In the featured article of the March 2017 issue of "The Journal of Nuclear Medicine," researchers demonstrate that a new positron emission tomography (PET) radiotracer, gallium-68 (Ga-68)-pentixafor, can quickly and non-invasively identify life-threatening atherosclerotic plaques. The tracer binds to the CXCR4 receptor on inflammatory cells present in atherosclerotic plaques--making it possible to find and treat atherosclerosis early.
Atherosclerosis represents the main cause of heart attack and stroke. According to the Centers for Disease Control and Prevention, every year about 735,000 Americans have a heart attack and 800,000 have a stroke. Stroke kills more than 130,00 Americans a year, and about 610,000 die from cardiovascular disease.
Note the high uptake of Ga-68-pentixafor on multi-planar reconstructions in the organs expressing CXCR4 such as the spleen (red arrows) and adrenal glands (yellow arrows), which was nearly completely blocked by the pre-injection of AMD 3100, a potent CXCR4 inhibitor. Strong accumulation of Ga-68-pentixafor was also found in the kidneys (asterisks) reflecting the renal clearance of the tracer.
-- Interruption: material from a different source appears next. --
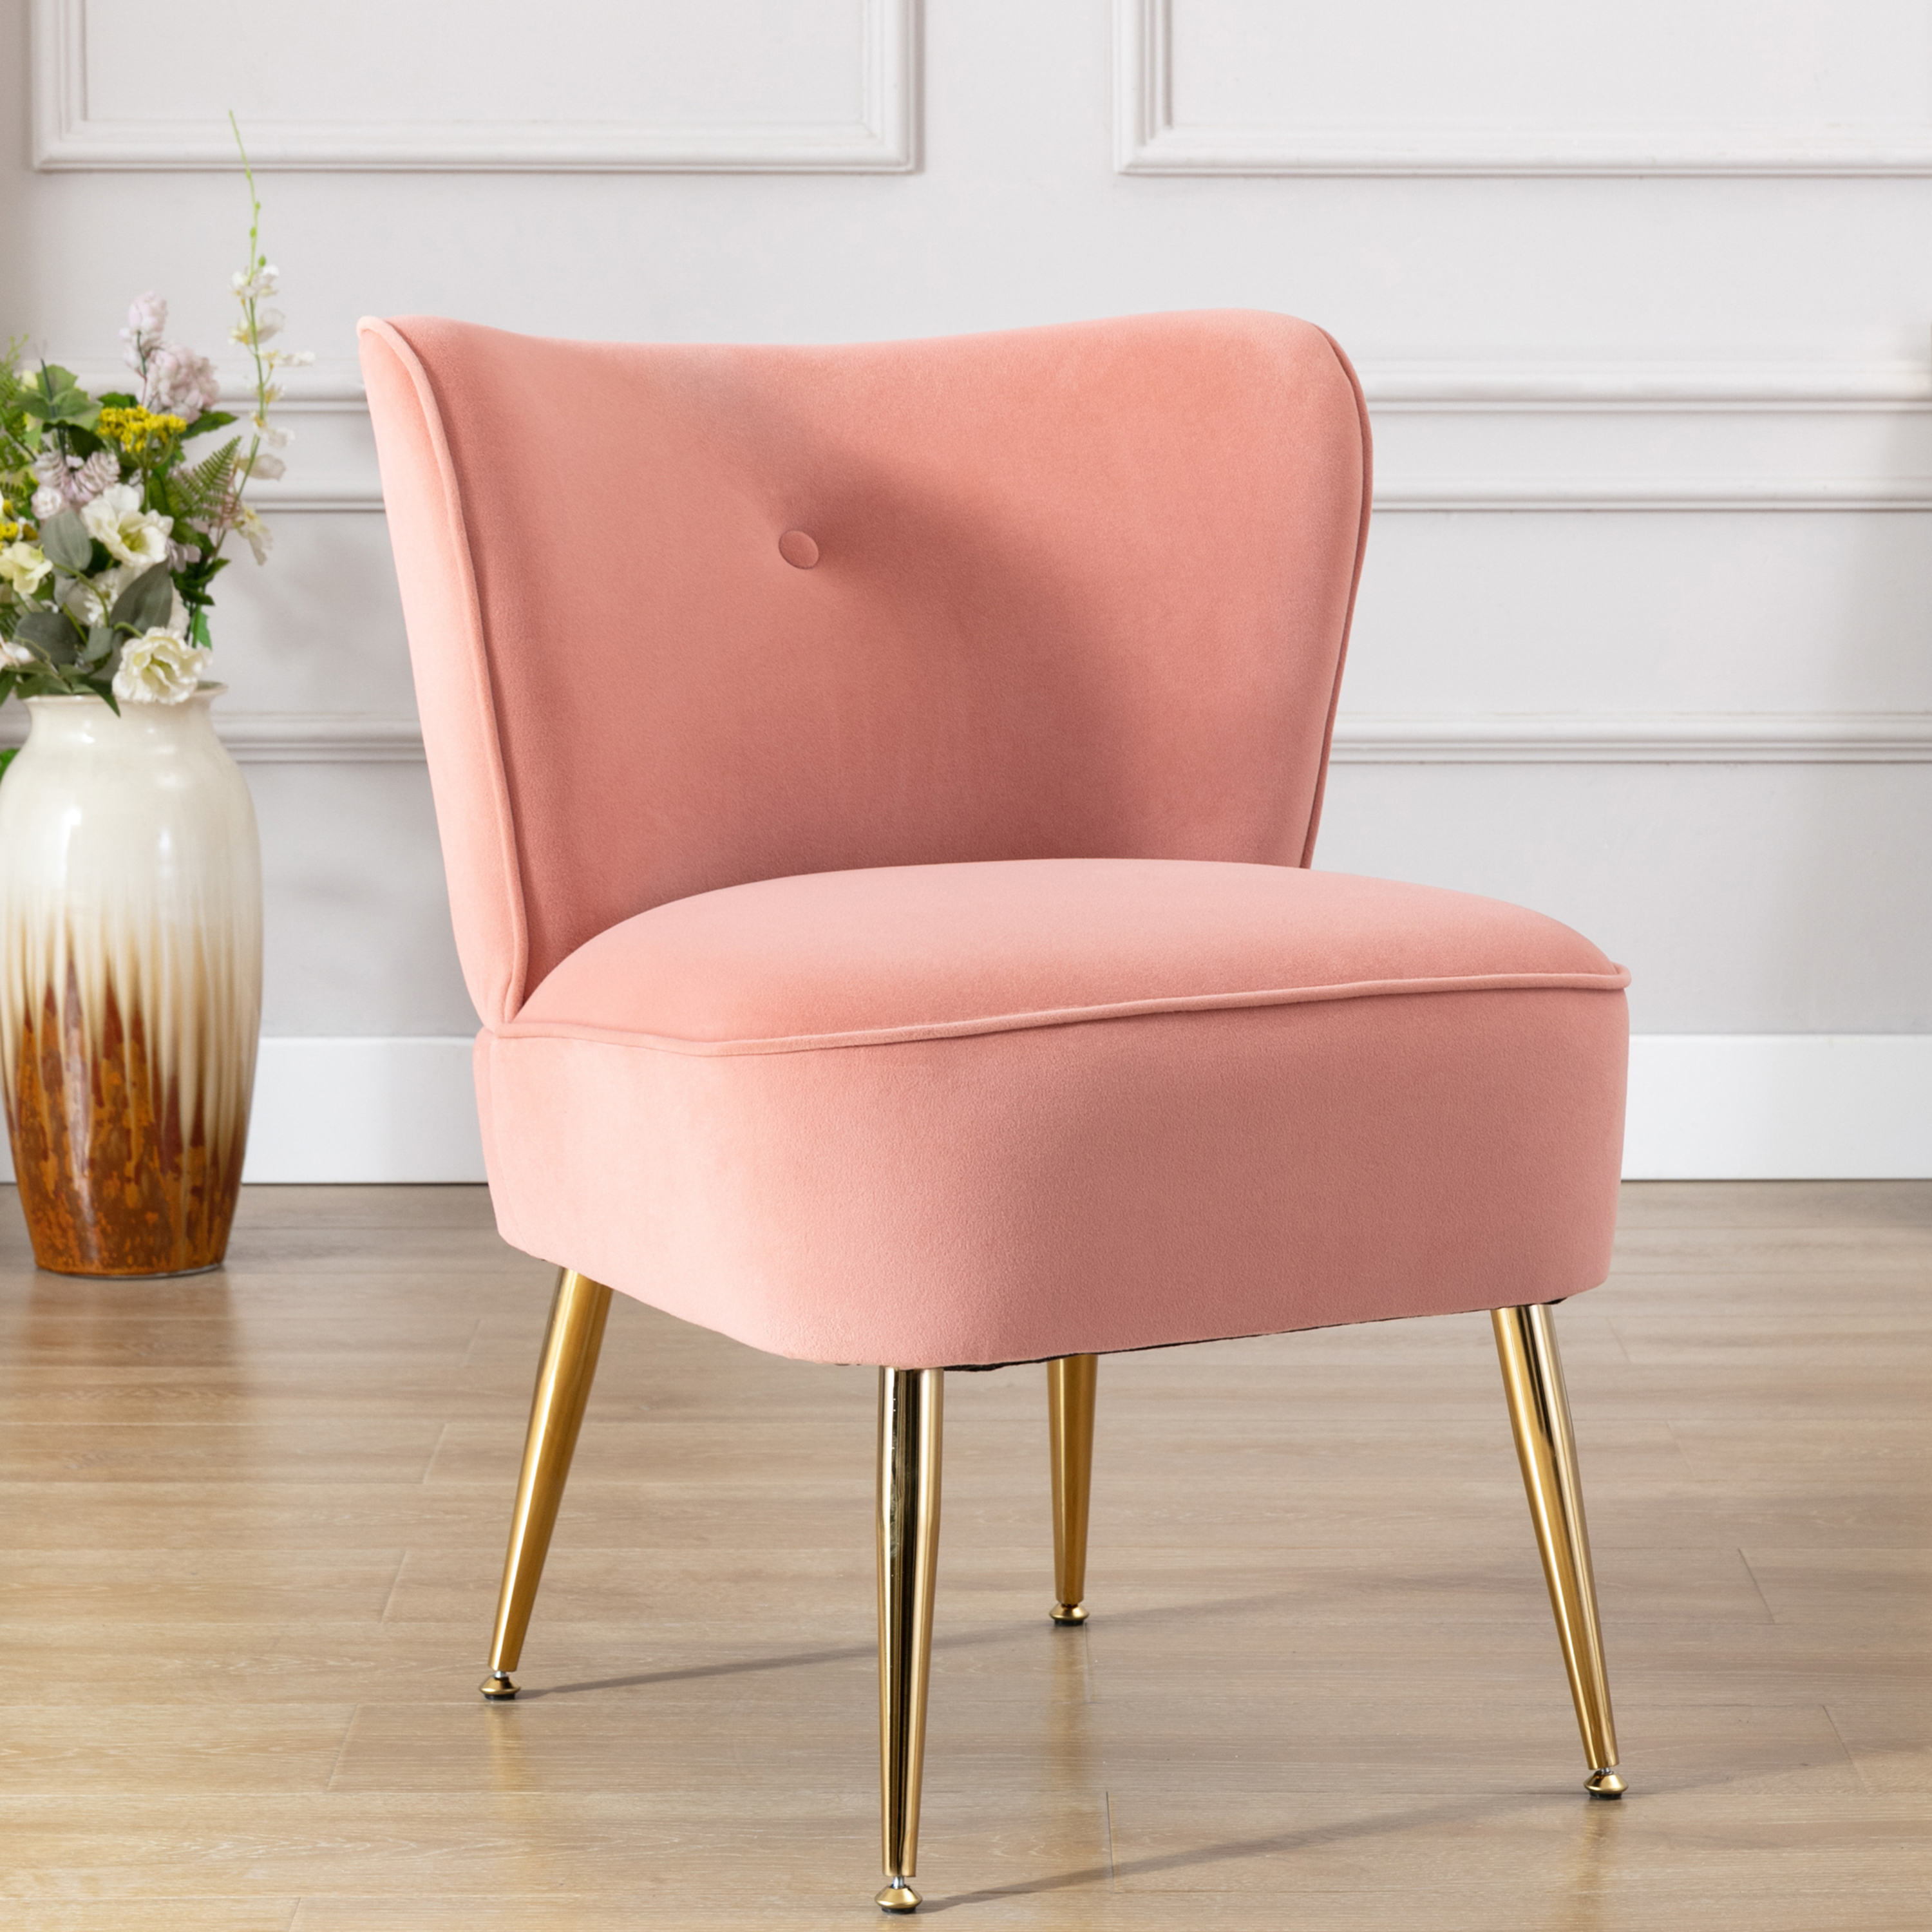 Accent Living Room Side Wingback Chair Pink Velvet Fabric Upholstered Seat Chairs Occasional Bedroom  Leisure Chairs-Boyel Living

In addition, high, focal activities were detected in the abdominal aorta (red arrowheads) and right carotid artery (orange arrowheads) of atherosclerotic rabbits, whereas no significant signal could be detected in the non-injured left carotid artery (white arrowheads) of atherosclerotic and control rabbits, as well as in the abdominal aorta and right carotid artery of control rabbits. Furthermore, focal activities detected with PET in atherosclerotic plaques of the abdominal aorta and the right carotid artery decreased significantly when the same rabbit was re-imaged after blocking CXCR4 receptors.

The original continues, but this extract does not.